Name dropping

I have a few signals I look for when evaluating tech entrepreneurs. One of them is how often they mention their relationships with high profile people. Sometimes these relationships exist, and sometimes they’re fabricated or greatly exaggerated. Whatever the case, I’ve discovered that frequent name dropping is a negative sign when evaluating tech entrepreneurs.

The reason is that tech companies succeed because of their product and distribution strategies. While relationships with high profile people may help you land a great deal in other sectors, they’re unlikely to get you any closer to building a great product or executing on a great distribution strategy in the tech sector. A tech company’s success depends on how engaged their users or customers are, and that’s a function of the company’s product and distribution. Users don’t use your product because of who you know.

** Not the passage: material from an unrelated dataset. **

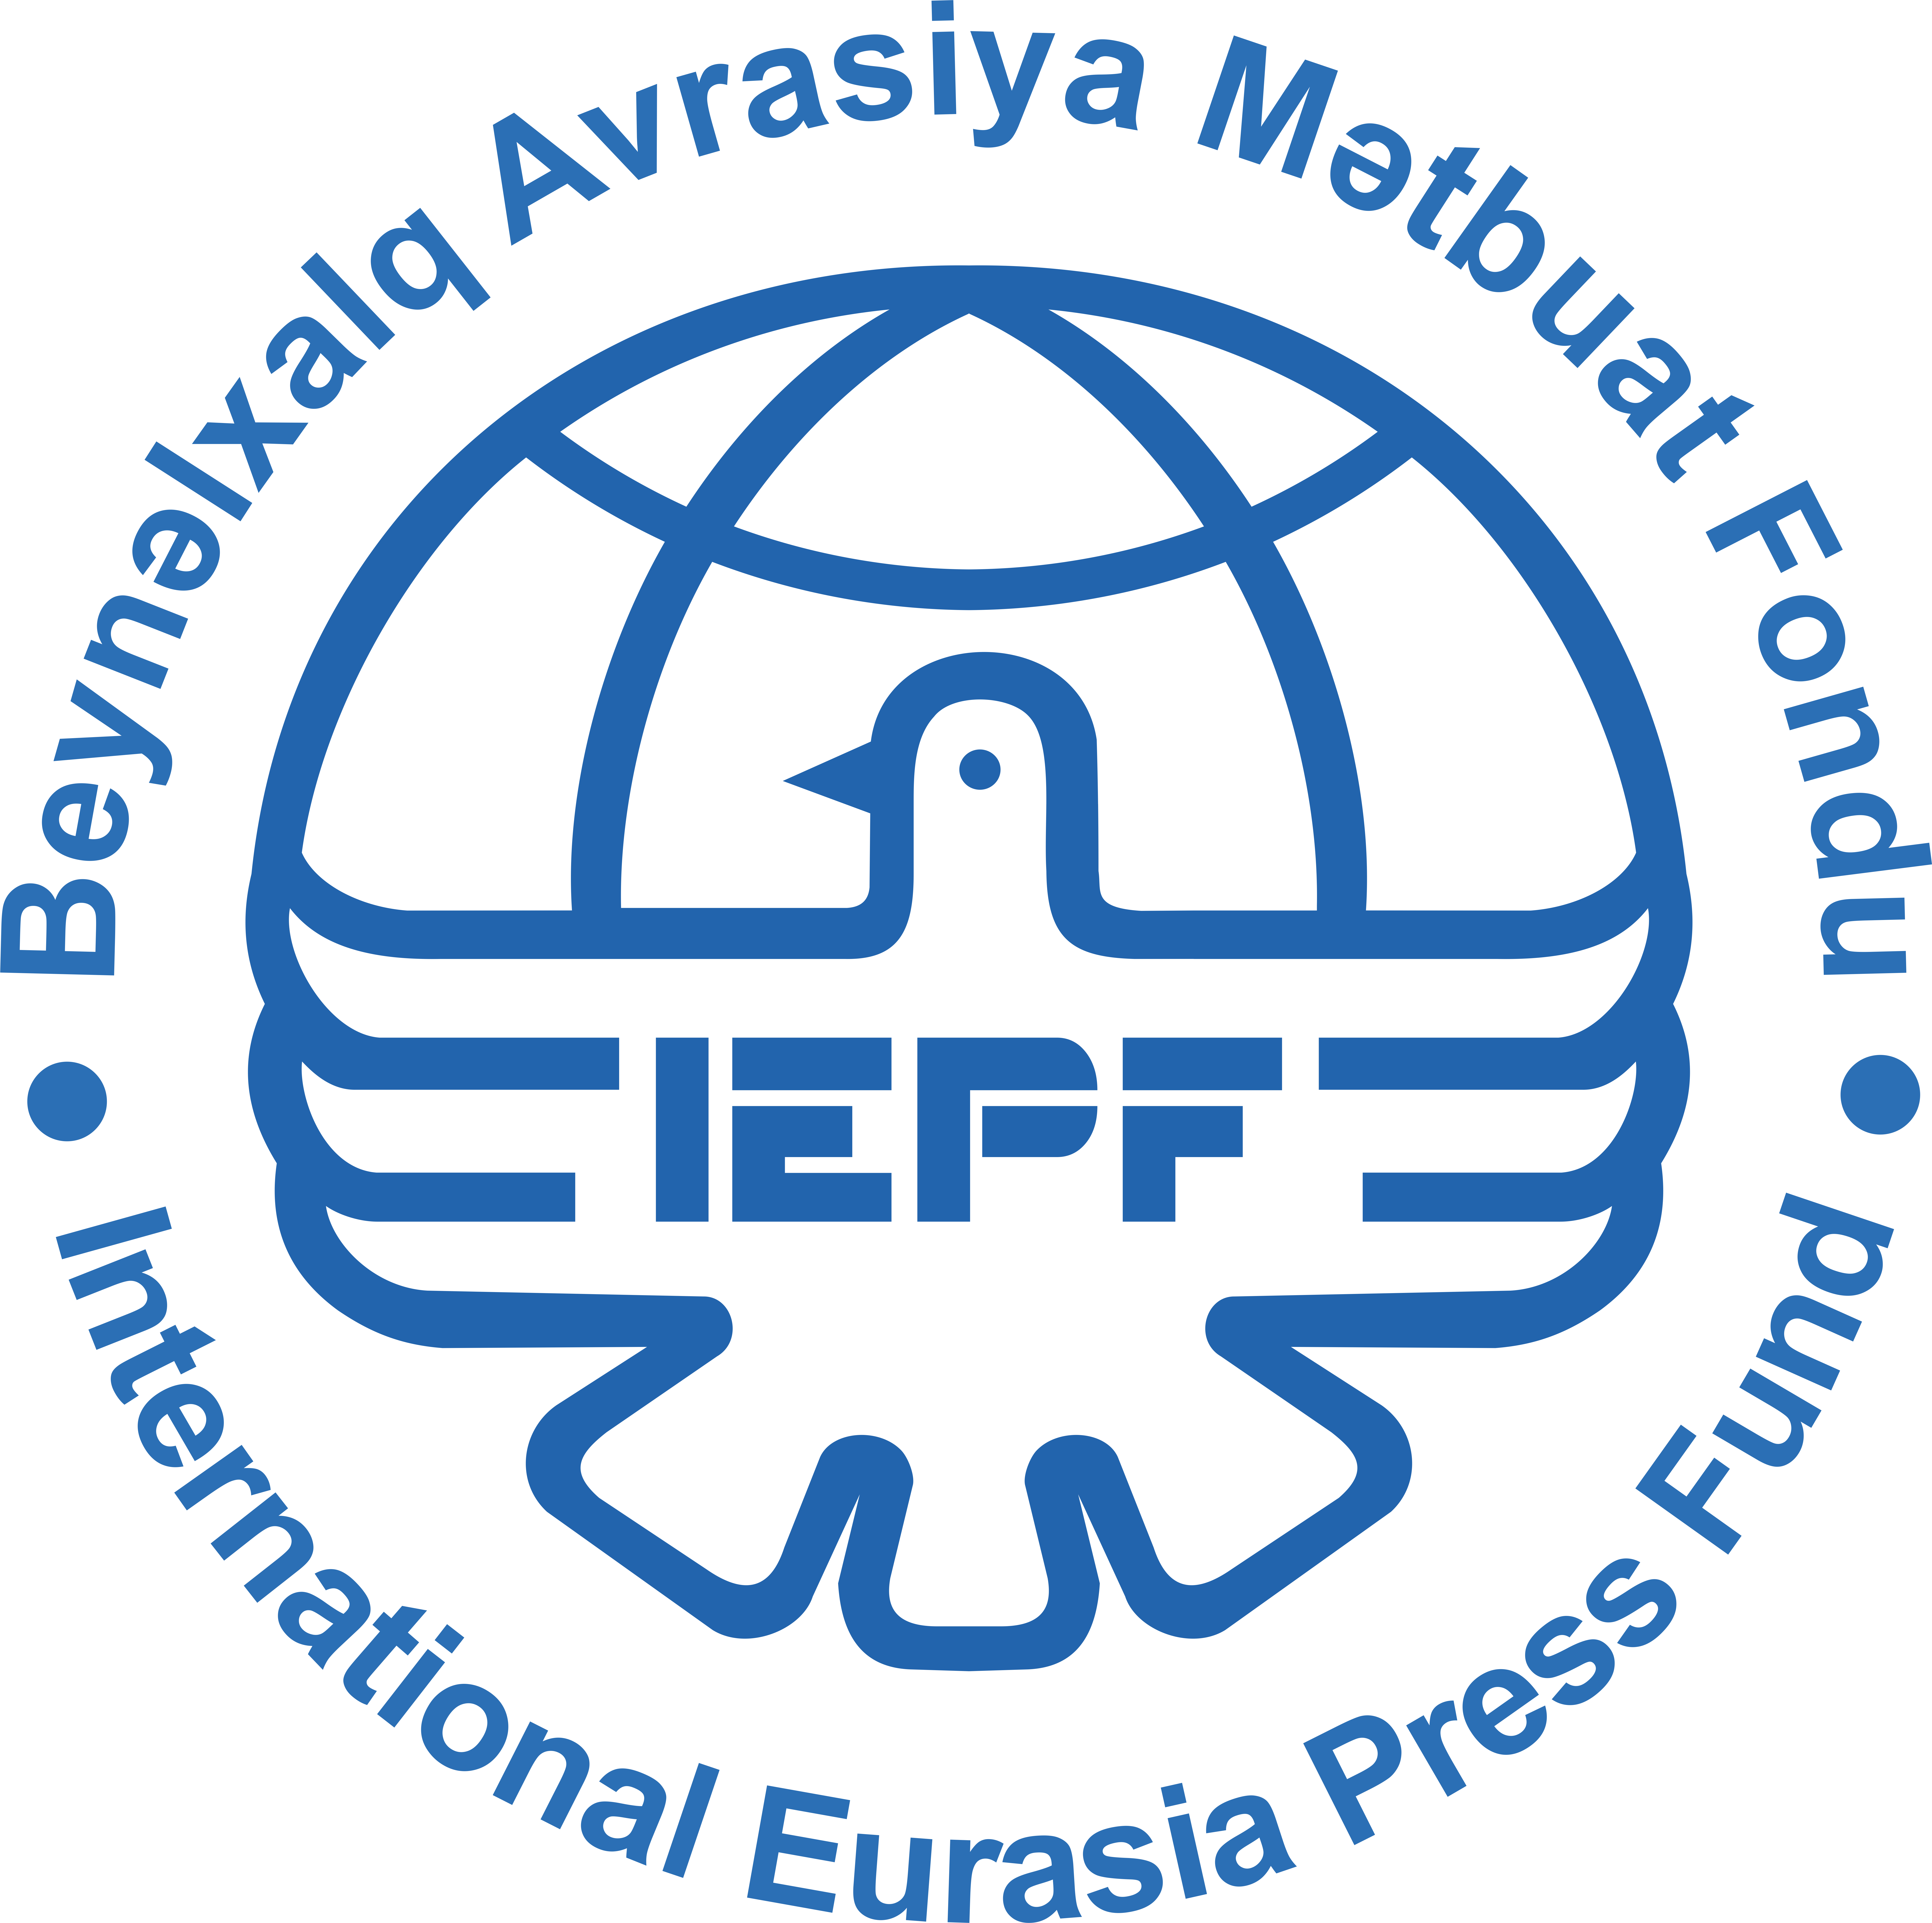 The International Eurasia Press Fund ISSUED A STATEMENT about the Armenian provocation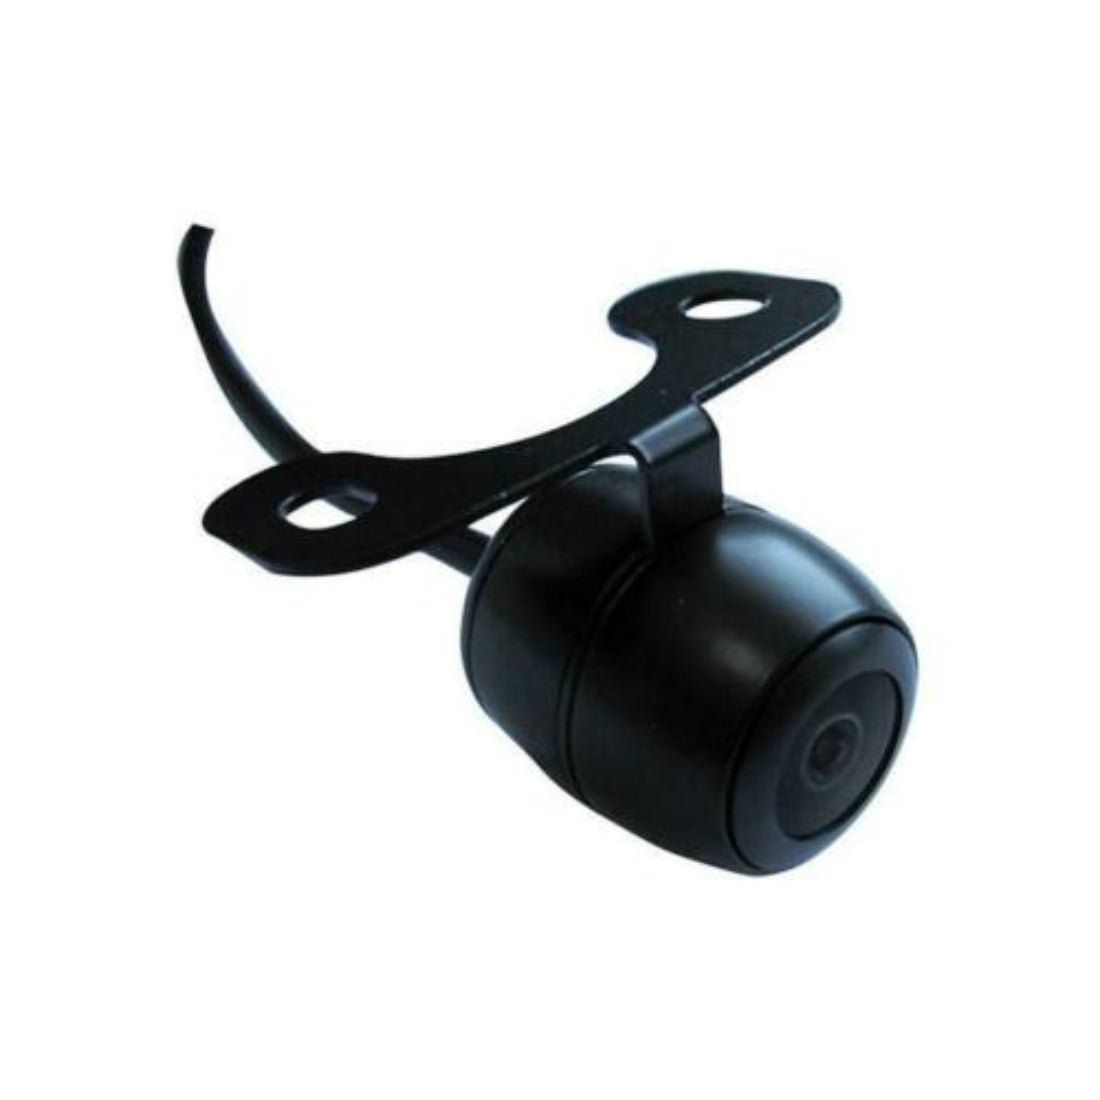 TView T225NV High Definition Rear-View Back-Up Camera w/ Night Vision

This doesn’t mean that great tech entrepreneurs don’t recognize the value of relationships. They do. They often either have an existing supportive network or develop one during the course of their startup. However, they know that their company will win or lose because of its product and distribution strategy, and are naturally excited to innovate in these areas. This is reflected in what they prefer to talk about in conversations.

Counterintuitively, this very focus on product and distribution makes them more interesting to the people they speak with. This enthusiasm for what they’re doing is much more contagious than another entrepreneur’s¬†enthusiasm for who they know. By focusing and talking about what they’re doing, they become more likely to build a supportive network than a persistent name dropper.